Exposure to elevated seawater PCO2 limits the thermal tolerance of crustaceans but the underlying mechanisms have not been comprehensively explored. Larval stages of crustaceans are even more sensitive to environmental hypercapnia and possess narrower thermal windows than adults. In a mechanistic approach, we analysed the impact of high seawater CO2 on parameters at different levels of biological organization, from the molecular to the whole animal level. At the whole animal level we measured oxygen consumption, heart rate and activity during acute warming in zoea and megalopa larvae of the spider crab Hyas araneus exposed to different levels of seawater PCO2. Furthermore, the expression of genes responsible for acid-base regulation and mitochondrial energy metabolism, and cellular responses to thermal stress (e.g. the heat shock response) was analysed before and after larvae were heat shocked byrapidly raising the seawater temperature from 10°C rearing temperature to 20°C. Zoea larvae showed a high heat tolerance, which decreased at elevated seawater PCO2, while the already low heat tolerance of megalopa larvae was not limited further by hypercapnic exposure. There was a combined effect of elevated seawater CO2 and heat shock in zoea larvae causing elevated transcript levels of heat shock proteins. In all three larval stages, hypercapnic exposure elicited an up-regulation of genes involved in oxidative phosphorylation, which was, however, not accompanied by increased energetic demands. The combined effect of seawater CO2 and heat shock on the gene expression of heat shock proteins reflects the downward shift in thermal limits seen on the whole animal level and indicates an associated capacity to elicit passive thermal tolerance. The up-regulation of genes involved in oxidative phosphorylation might compensate for enzyme activities being lowered through bicarbonate inhibition and maintain larval standard metabolic rates at high seawater CO2 levels. The present study underlines the necessity to align transcriptomic data with physiological responses when addressing mechanisms affected by an interaction of elevated seawater PCO2 and temperature extremes.
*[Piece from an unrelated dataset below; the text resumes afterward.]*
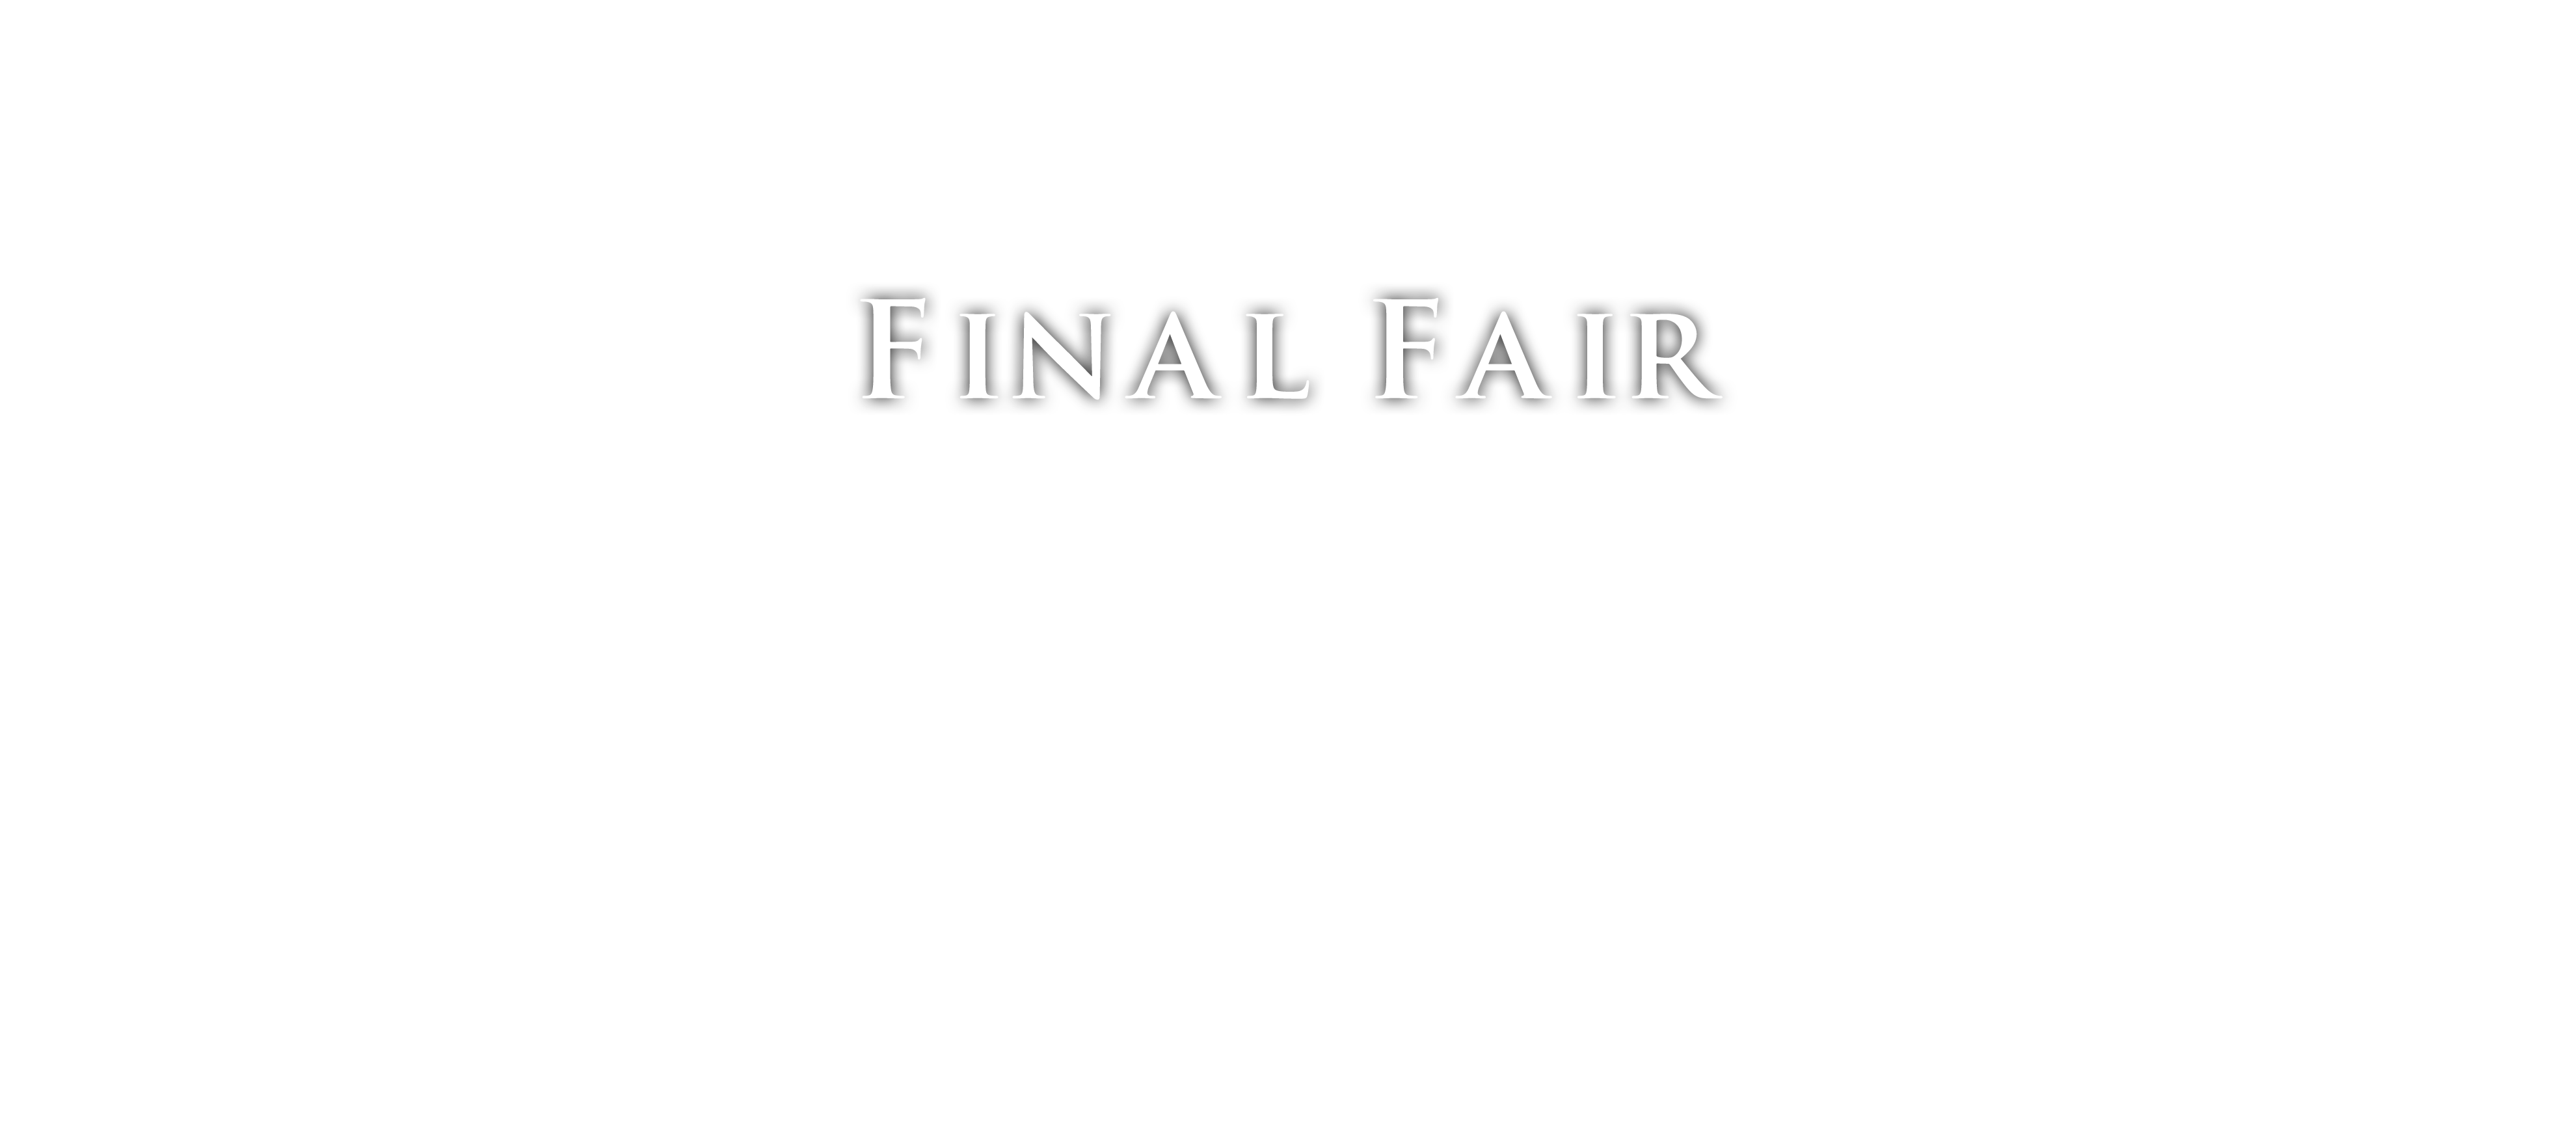 Final Fair

海水二氧化碳分压（seawater PCO₂）升高暴露会限制甲壳类动物的热耐受能力，但其潜在调控机制尚未得到全面阐明。甲壳类动物的幼体阶段对环境高碳酸血症（environmental hypercapnia）更为敏感，且相较于成体，其热安全窗（thermal windows）更为狭窄。本研究采用机制性研究方法，分析了高浓度海水CO₂对不同生物组织层级（从分子层面至整体动物层面）相关参数的影响。在整体动物层面，我们针对暴露于不同浓度海水PCO₂的蛛形蟹（Hyas araneus）的溞状幼体（zoea）与大眼幼体（megalopa），测定了其在急性升温过程中的耗氧量、心率及活动能力。此外，我们还分析了幼体在经快速升温（将养殖温度从10℃升至20℃）实施热激处理前后，参与酸碱调控、线粒体能量代谢的基因表达情况，以及细胞对热应激的响应（如热休克反应（heat shock response））。结果显示，溞状幼体展现出较高的热耐受能力，该能力会随海水PCO₂升高而下降；而大眼幼体本就较低的热耐受能力，并不会因高碳酸暴露而进一步受限。海水CO₂升高与热激处理在溞状幼体中存在联合效应，可使热休克蛋白（heat shock proteins）的转录水平上调。在所有三个幼体阶段中，高碳酸暴露均可诱导参与氧化磷酸化（oxidative phosphorylation）的基因表达上调，但这并未伴随能量需求的提升。海水CO₂与热激处理对热休克蛋白基因表达的联合效应，呼应了整体动物层面观测到的热耐受阈值下移现象，同时表明机体可通过该过程获得被动热耐受能力。参与氧化磷酸化的基因表达上调，或可弥补因碳酸氢盐抑制作用降低的酶活性，从而在高海水CO₂浓度下维持幼体的基础代谢速率。本研究强调，在探究海水PCO₂升高与极端高温交互作用所影响的调控机制时，需将转录组数据与生理响应相结合，这一要求具备重要的研究指导意义。